As soon as I turn the HDMI-connected TV back on, the OTA responds normally.

Does anyone know of a good workaround? I suppose I could add a powered HDMI splitter to make the OTA believe the TV is on all the time, but that seems excessive.

Is this something I need to contact Tivo support about?


----------



## MikeBear

Check your tv set for an HDMI-CEC setting, and try turning it OFF for now, to see what happens. You don't say the brand name of your tv set, so I can't tell you what it's called on your tv. Might be something like "anynet" "aquoslink" "Simplink", etc


----------



## Johncv

mrizzo80 said:


> I'm surprised they haven't fixed this yet. I was fine with it being like this for the original release, but it's been an entire year since 1P rolled out. You'd think they would have put something in place by now, even if it was just a hack to push new releases into their metadata cache.
> 
> I also wish they'd enable one-click playback for Amazon titles. With Netflix, you can hit play in the TiVo 1P interface and it will immediately play the episode. With Amazon, it just takes you to the episode page in the Amazon app and you have to initiate playback. This is a nitpick, but it'd be nicer if it worked like Netflix - much more seamless. (Perhaps Amazon just doesn't have an API hook for direct episode playback?)

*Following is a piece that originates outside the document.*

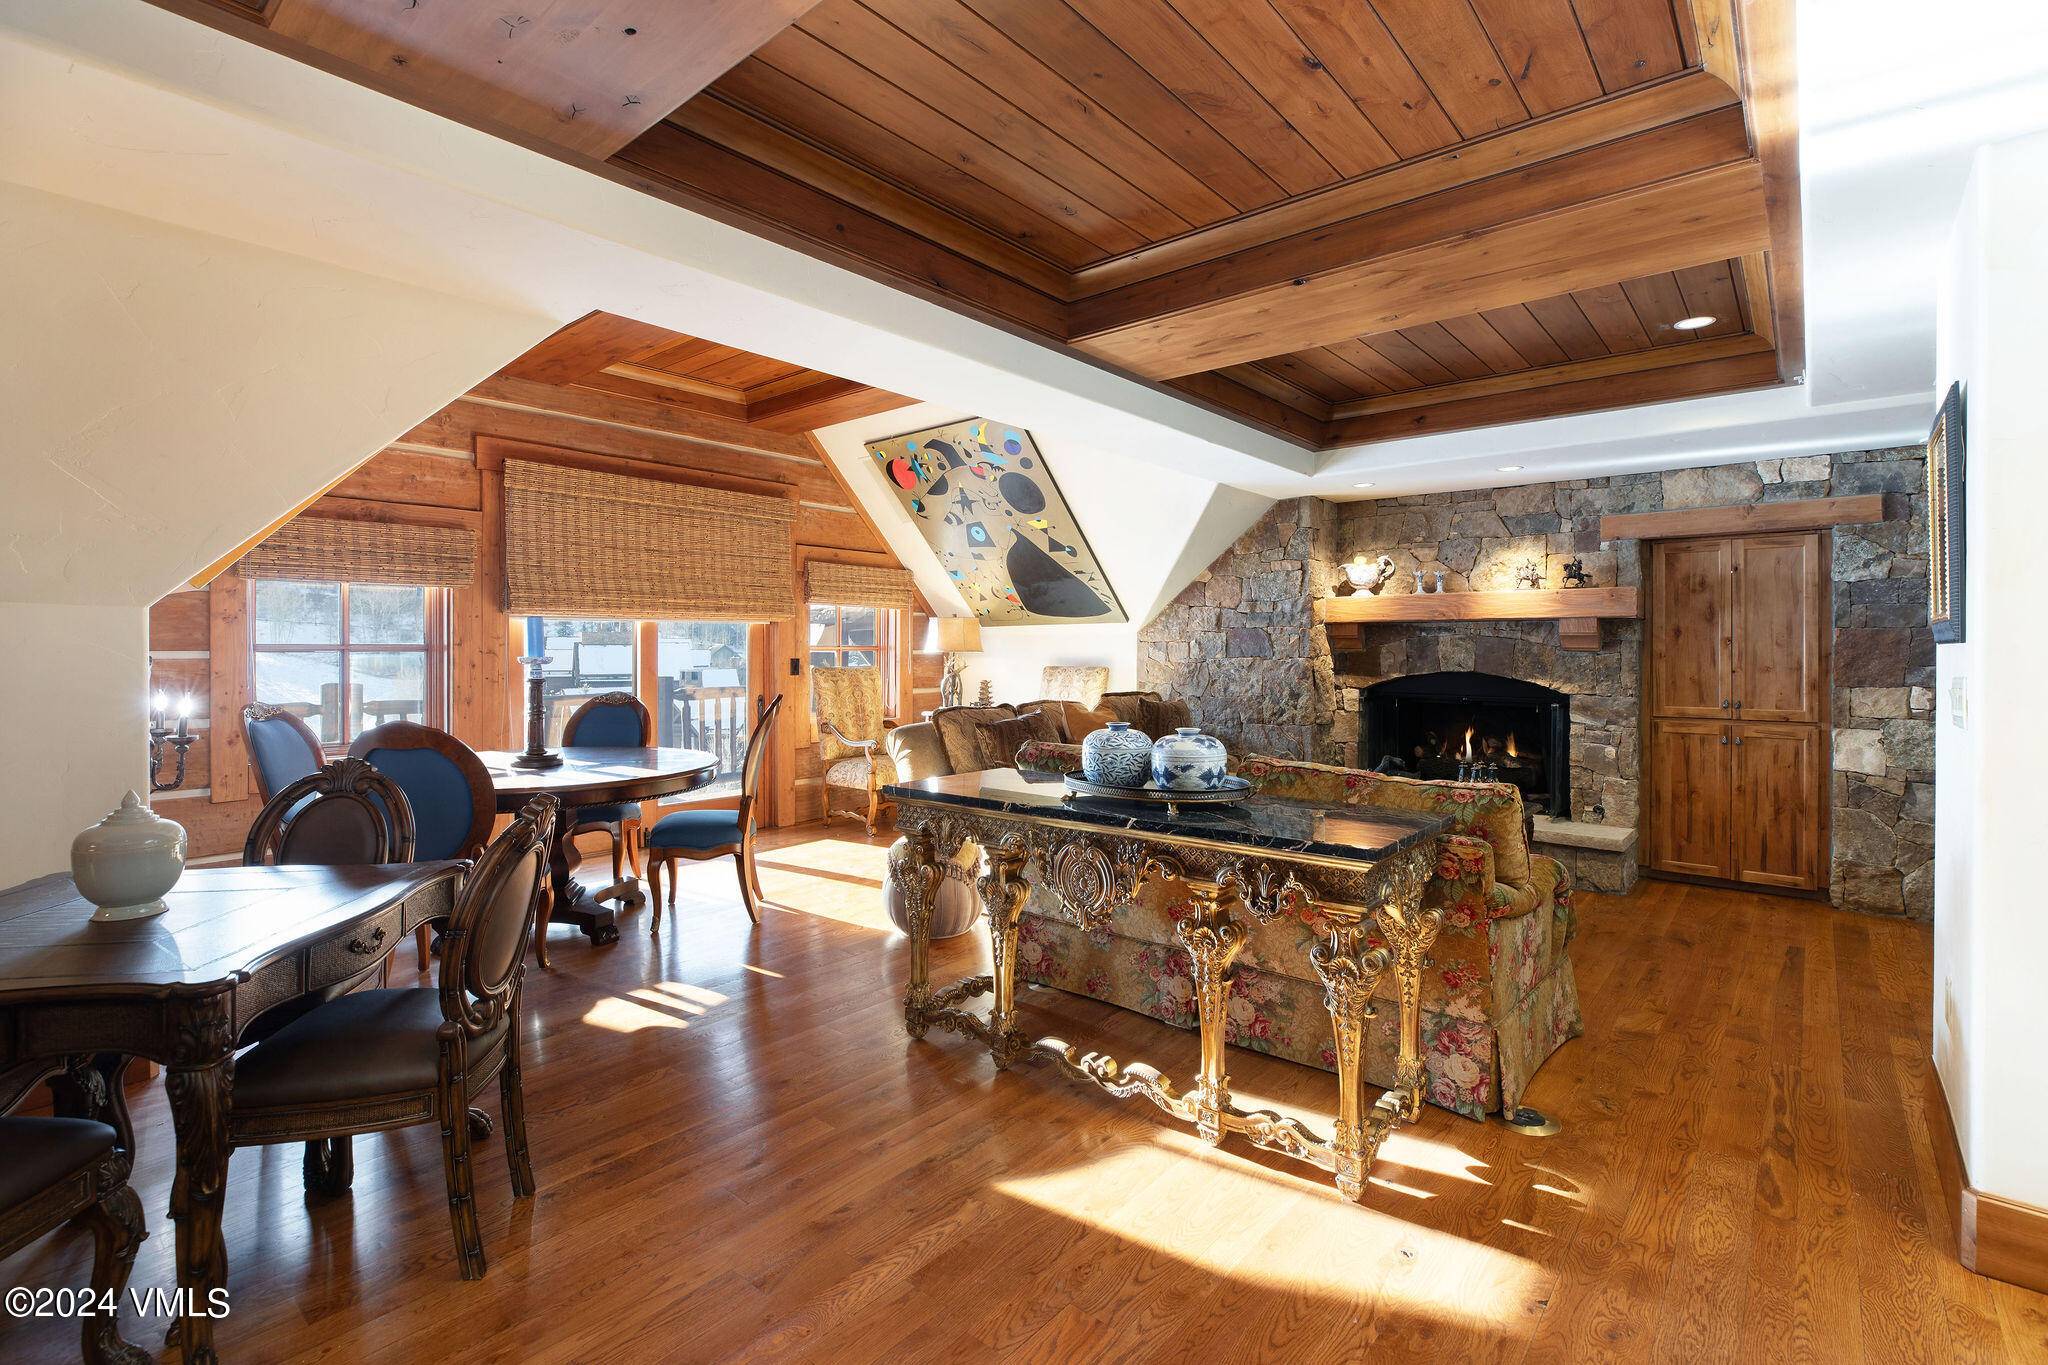 Rare opportunity to own a top floor penthouse at the exclusive Ritz Carlton with vaulted ceilings and dramatic sunlit views south of the ski slopes and mountains beyond.

Not how it was done, unlike Netflix, Amazon is design for purchases of single episodes. That why it take you to the episode page for you to initiate the playback.


----------



## Schmye Bubbula

Once in a while my Roamio loses its place when exiting playback before completion, and the next time I play, it starts at the beginning. I haven't picked-up on a pattern to it; seems random. But it's done that before 20.5.6, ever since I bought it Jan 23, 2014.


----------



## samccfl99

Schmye Bubbula said:


> Once in a while my Roamio loses its place when exiting playback before completion, and the next time I play, it starts at the beginning. I haven't picked-up on a pattern to it; seems random. But it's done that before 20.5.6, ever since I bought it Jan 23, 2014.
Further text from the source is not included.